- The Washington Times - Wednesday, November 19, 2003

NEW YORK — The United States yesterday joined the U.N. Security Council in unanimously endorsing the foundering “road map” peace plan despite objections from Israel, which fears it will be forced into unwelcome concessions.

U.S. officials had lobbied unsuccessfully to prevent a vote on the Russian-sponsored resolution, which will increase pressure on both parties to halt hostilities and begin discussions, saying the vote was “premature.”

In the end, the Americans chose not to veto what amounted to an endorsement of a U.S.-backed peace plan.

Yesterday’s vote came amid new signs of movement in the Middle East, with Israeli Prime Minister Ariel Sharon saying he would be willing to meet his Palestinian counterpart, Ahmed Qureia. The Palestinians last week installed a new Cabinet.

“The road map is the way to go,” U.S. Ambassador John Negroponte said in New York yesterday. “It lays out a framework; it charts a course. But this does require the implementation of the parties themselves.”

Advising patience, he added, “Let’s wait and see now how the process goes. You’ve got a new government being created in the Palestinian Authority. There are some steps that we can see looming on the horizon.”

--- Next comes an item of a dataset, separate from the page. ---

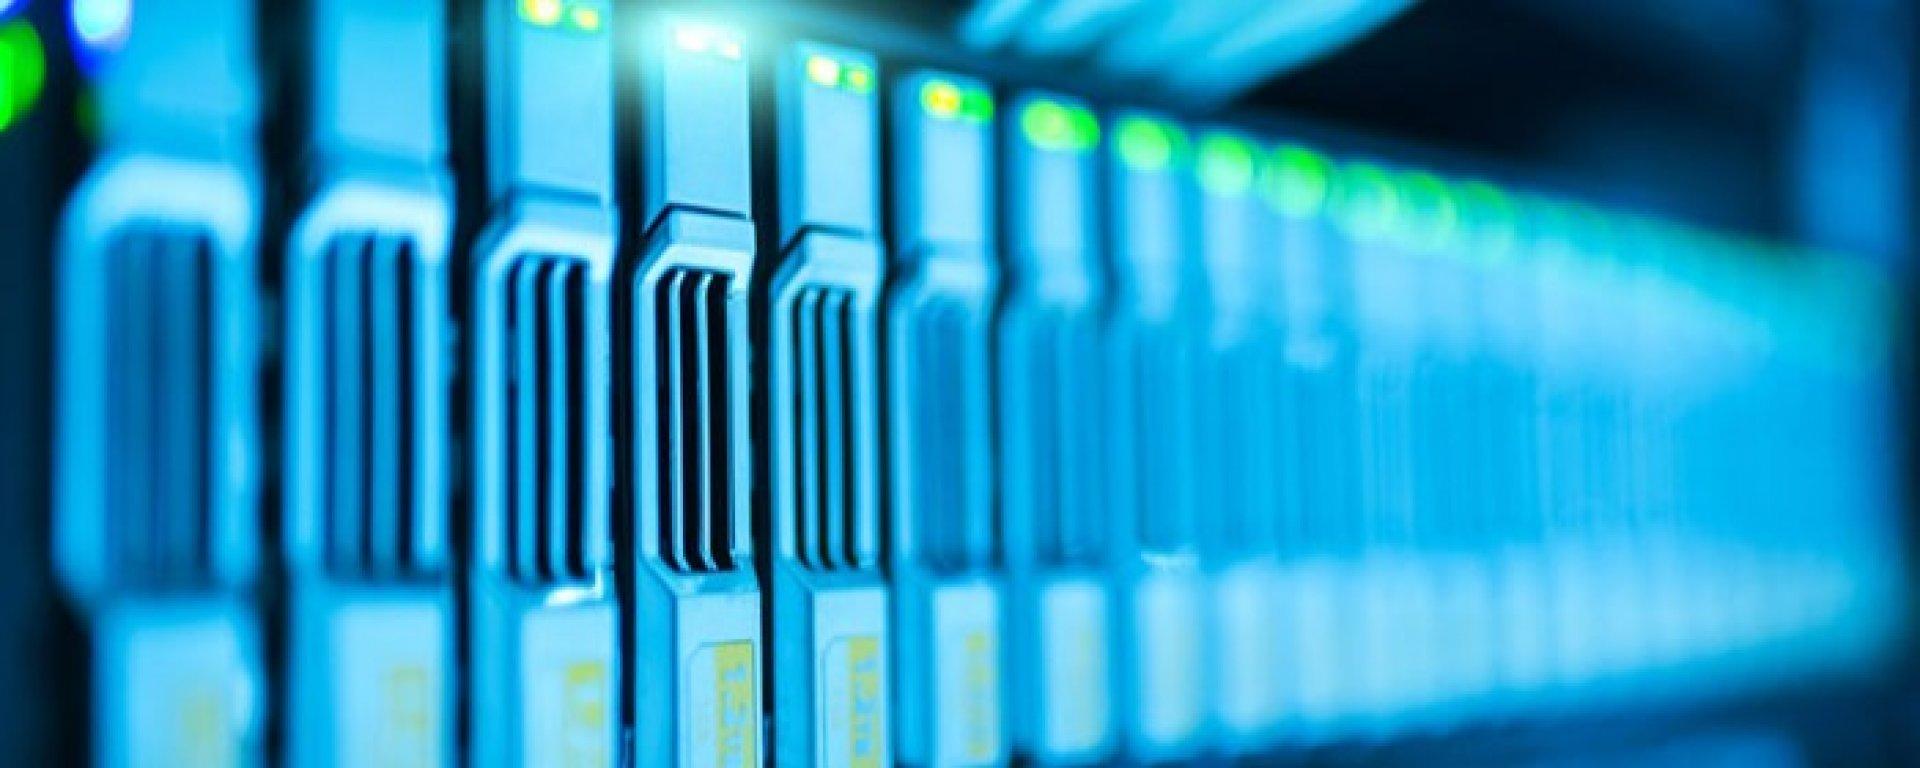 Anticiper et minimiser l'impact d'un cyber risque sur votre entreprise : TPE, PME, vous êtes concernées !

The text, which was ultimately co-sponsored by Chile, France, China, Bulgaria, Spain, Britain, Germany and Guinea, calls on the parties “to fulfill their obligations under the road map in cooperation with the Quartet and to achieve the vision of two states living side by side in peace and security.”

The Quartet refers to the four parties that originally drafted the road map: the United States, Russia, the United Nations and the European Union.

The resolution also demands an immediate end to violence, “including all acts of terrorism, provocation, incitement and destruction.”

Washington had sought a stronger condemnation of terrorism, but other council members resisted, saying the resolution should be a simple endorsement of the plan accepted by Israeli and Palestinian leaders last year in Aqaba, Jordan.